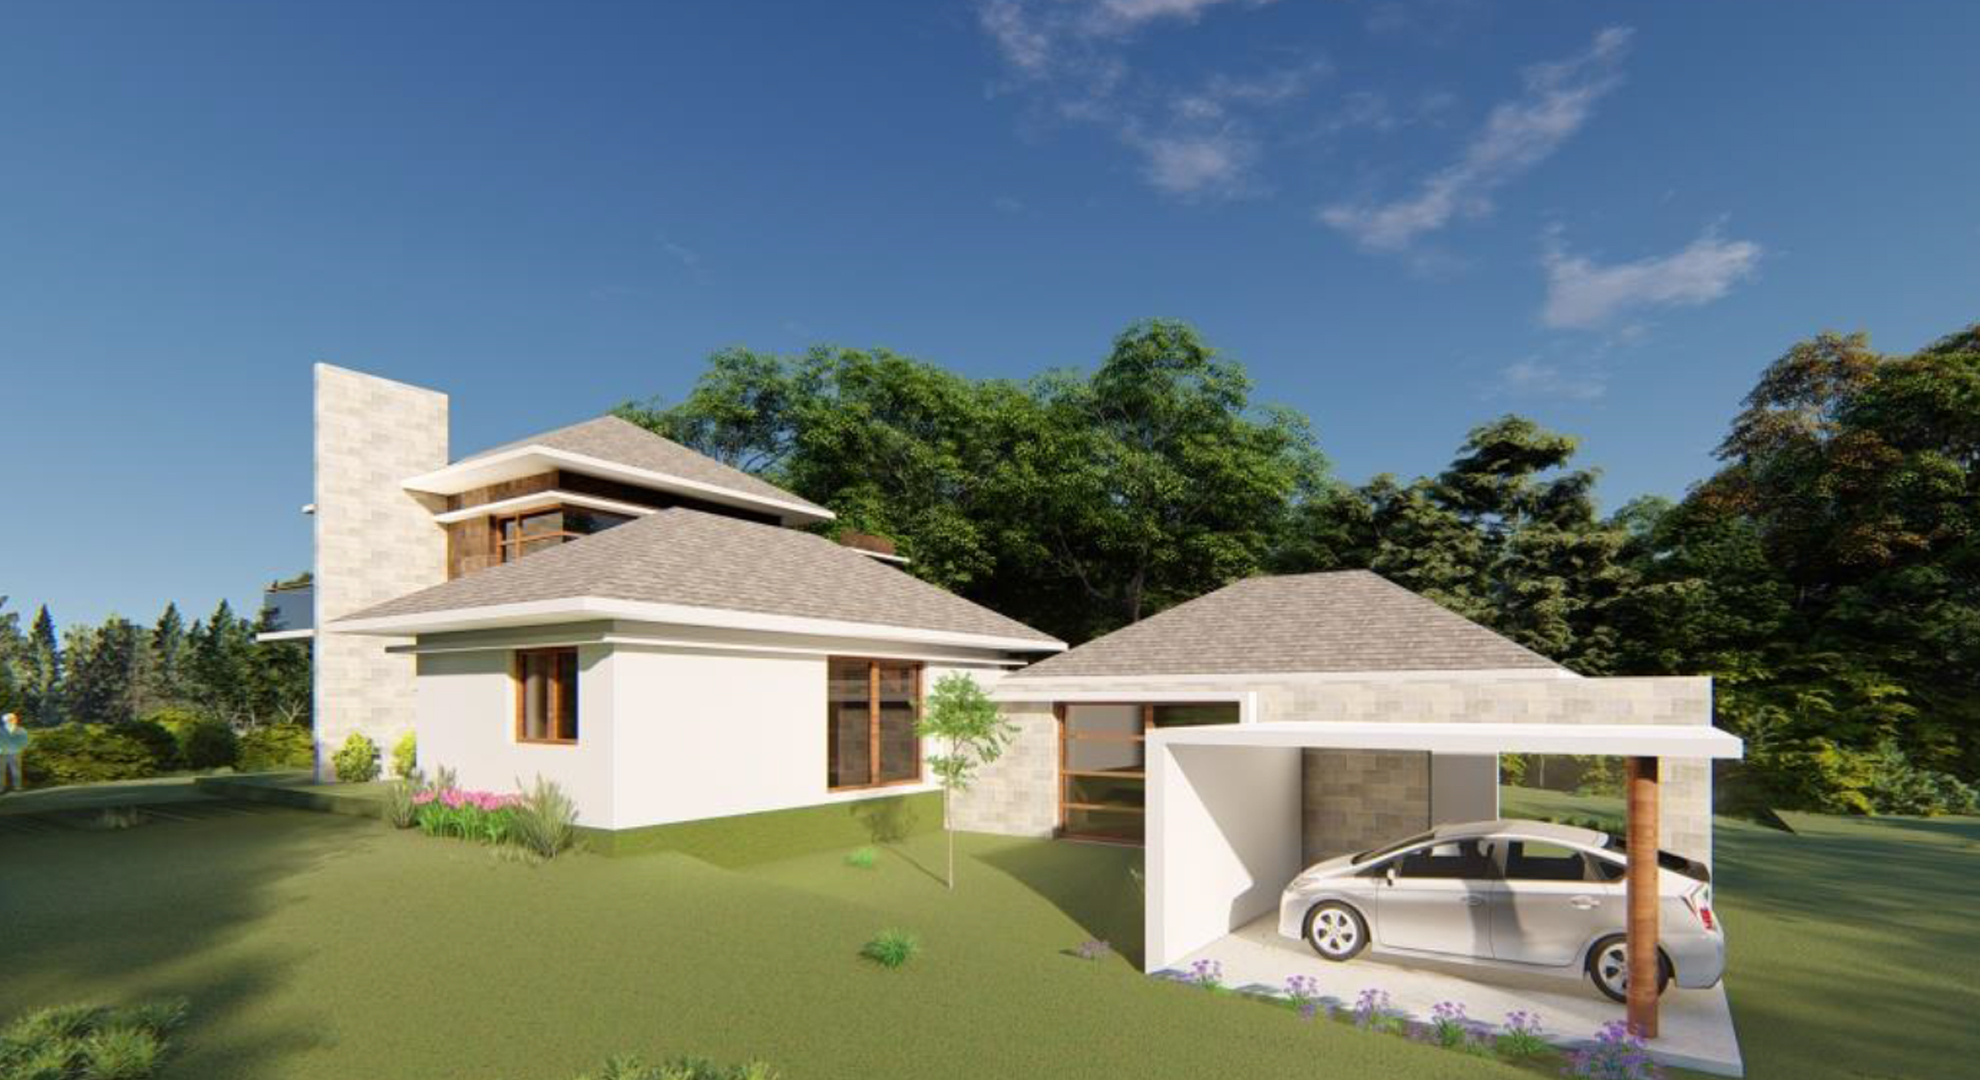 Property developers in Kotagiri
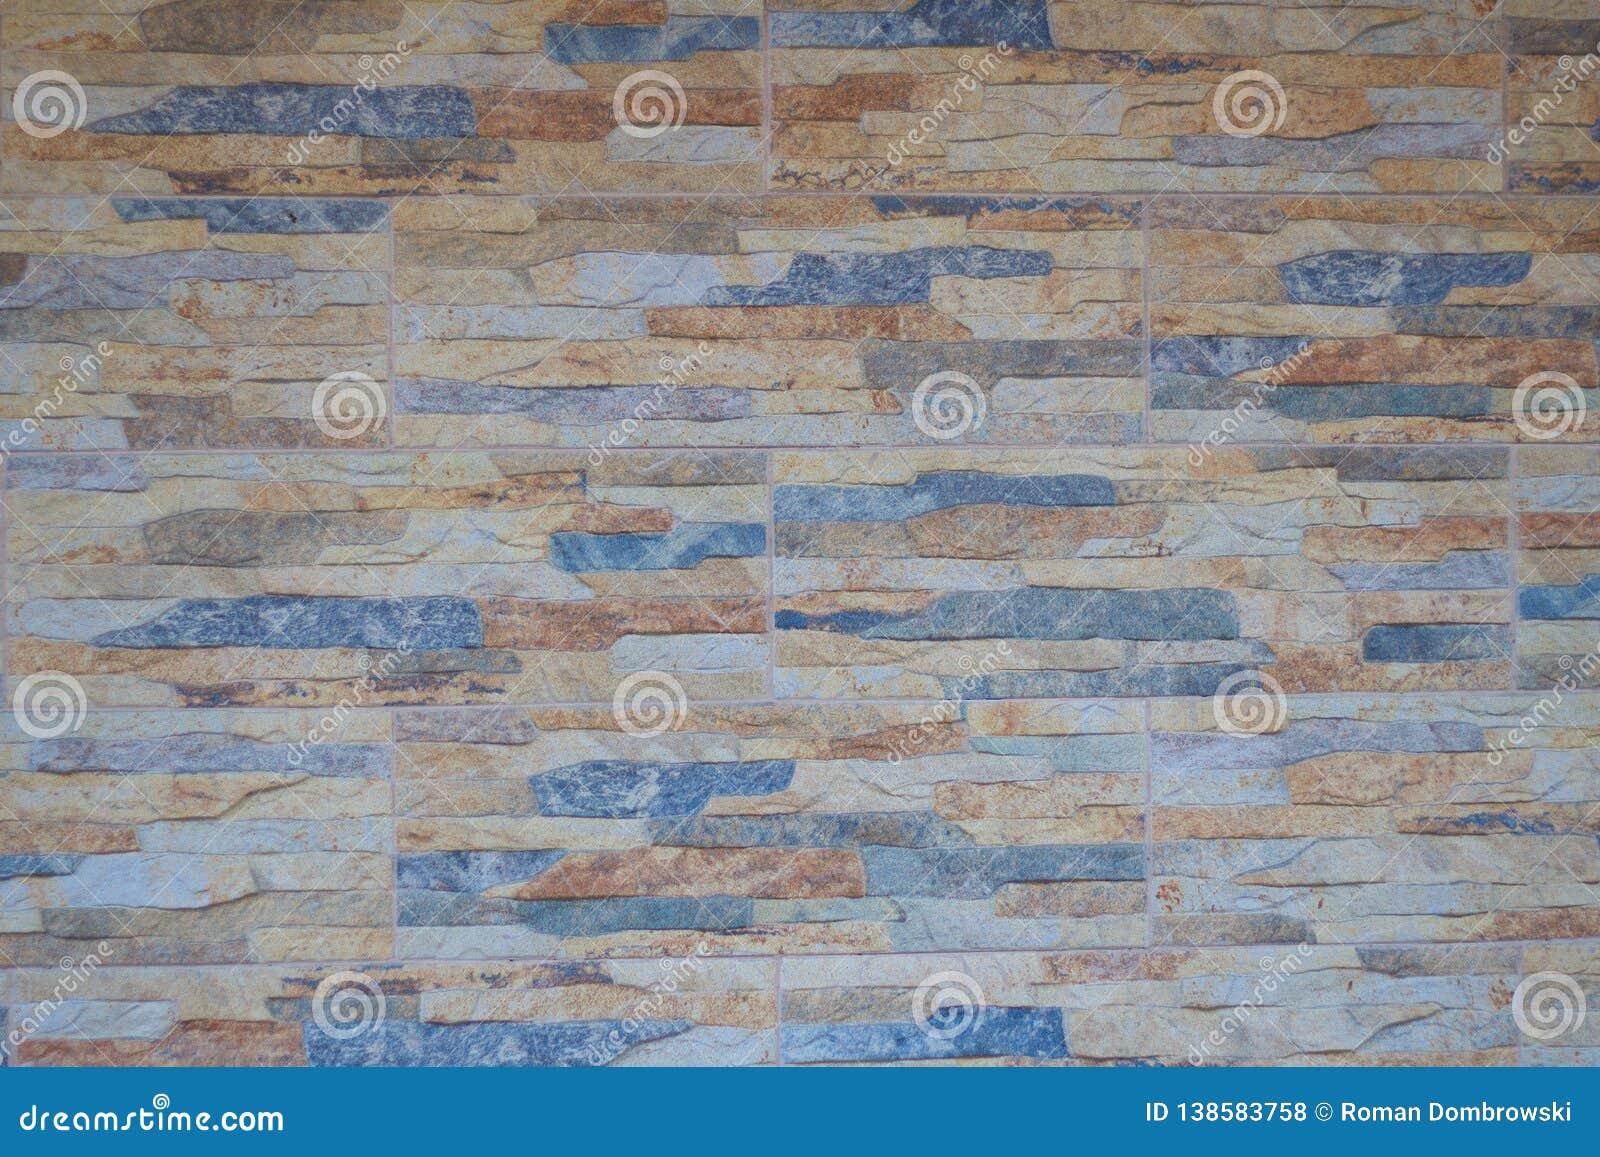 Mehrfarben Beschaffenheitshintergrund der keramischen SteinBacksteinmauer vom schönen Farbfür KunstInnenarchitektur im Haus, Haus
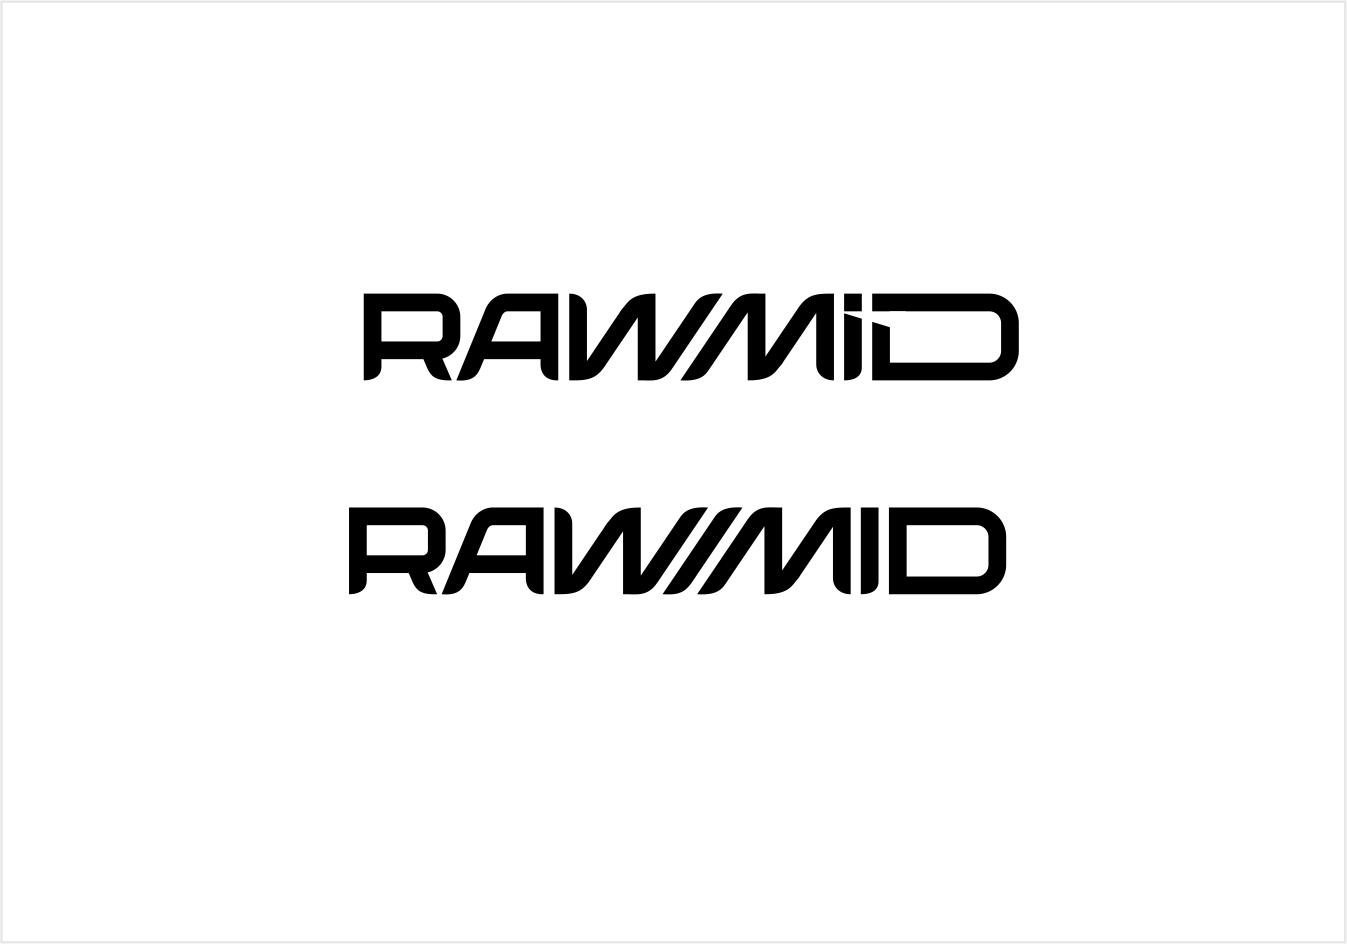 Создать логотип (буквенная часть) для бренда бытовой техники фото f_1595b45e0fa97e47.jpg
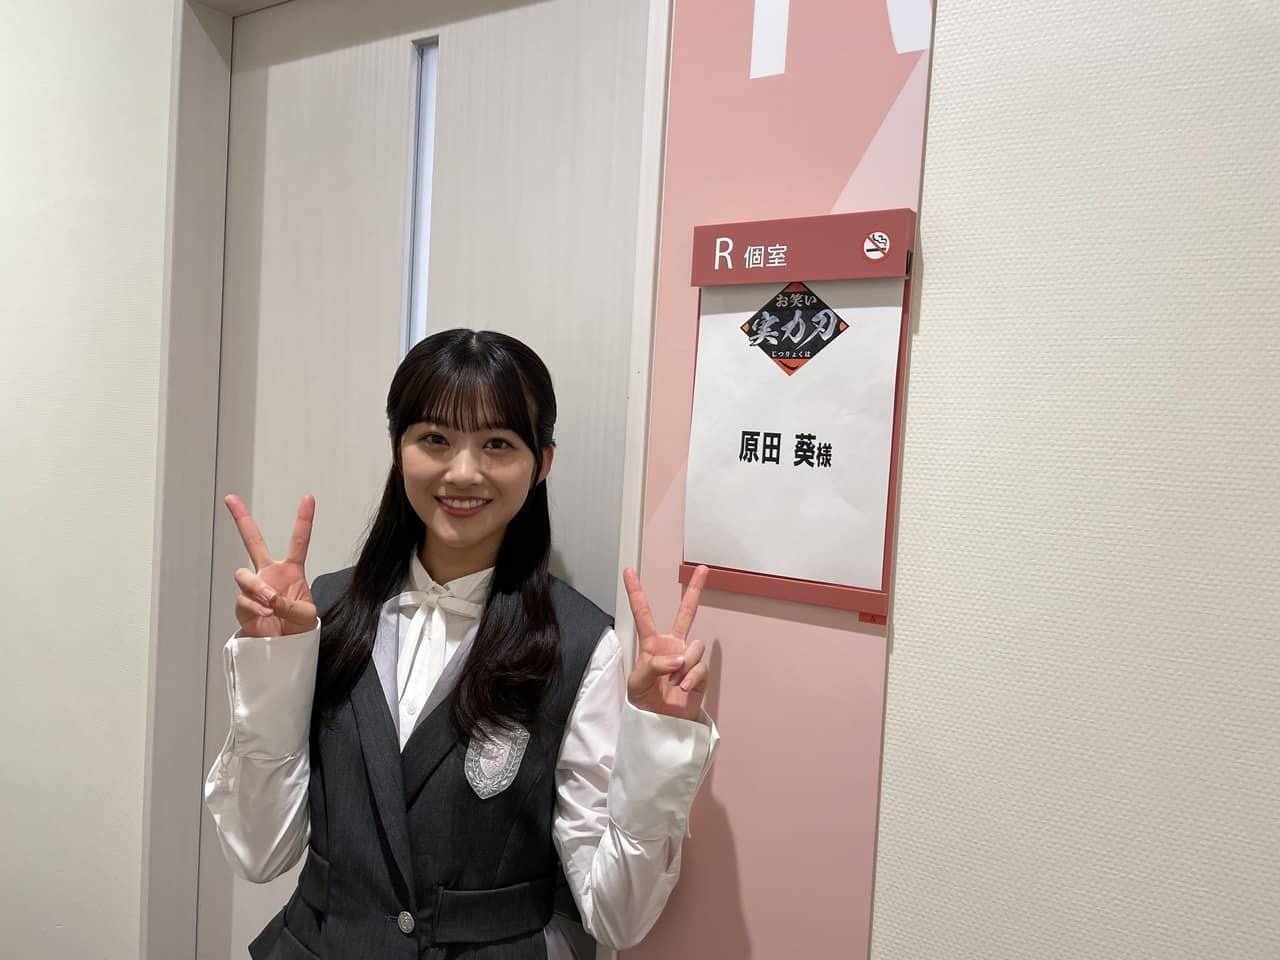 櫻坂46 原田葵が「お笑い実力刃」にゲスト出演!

> [What to work on] Print, exactly and only, the lines running from the line with "Mehrfarben Beschaffenheitshintergrund der" through the last line of the data, including both. Skip any picture.

> [Answer box]
 Mehrfarben Beschaffenheitshintergrund der keramischen SteinBacksteinmauer vom schönen Farbfür KunstInnenarchitektur im Haus, Haus
 Создать логотип (буквенная часть) для бренда бытовой техники фото f_1595b45e0fa97e47.jpg
 櫻坂46 原田葵が「お笑い実力刃」にゲスト出演!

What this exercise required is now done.